Some sleight-of-hand took place before publication. The New Yorker published the drawing with a linear border that looks for all the world like a part of Arno's original. His signature was added as well. Possibly the signature and border together were part of a single overlay. It's a small detail, but the back lining of Mrs. Richardson's coat, which Arno left white, has been shaded.

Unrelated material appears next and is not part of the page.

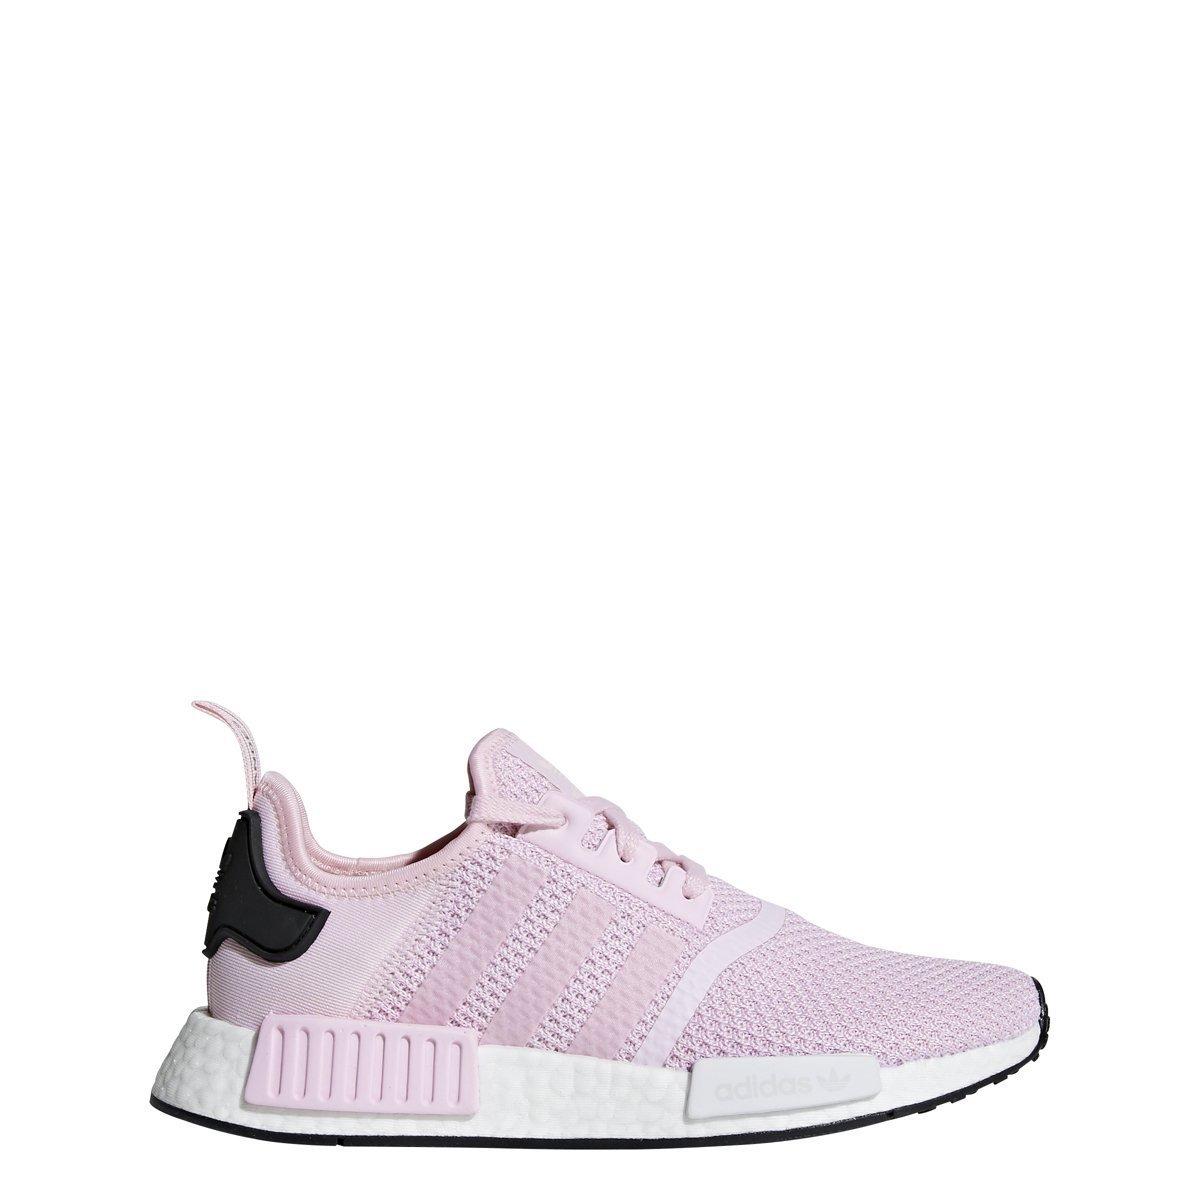 24da76f4a Galleon - Adidas Originals NMD R1 Shoe Women s Casual 6.5 Clear  Pink-White-Black

"Why, it's Mrs. Courtney Richardson, Senior—she's heading this way!"
Peter Arno
The New Yorker, February 12, 1944, p. 20


"Why, it's Mrs. Courtney Richardson, Senior—she's heading this way!"
Peter Arno
Original art
The New Yorker, February 12, 1944, p. 20


Cartoons by Peter Arno and Garrett Price

Arno even took the time to paint the grain of the wood on the floorboards. Such details are largely or completely lost in publication.
Detail


By the way, is Garrett Price's 1944 Valentine's Day drawing of a woodpecker a spot or a cartoon? I'd call it a cartoon. But it is not listed in The Complete Cartoons of The New Yorker (2004), so the powers that be have a differing opinion. I might have to file an appeal.
Garrett Price
The New Yorker, February 12, 1944, p. 21





Note: I suspect Arno may have used photo references for some of the skaters—no, not for Mrs. Richardson—as well as for the women on the stairs and perhaps the rink's architectural elements, but I have no way of proving this.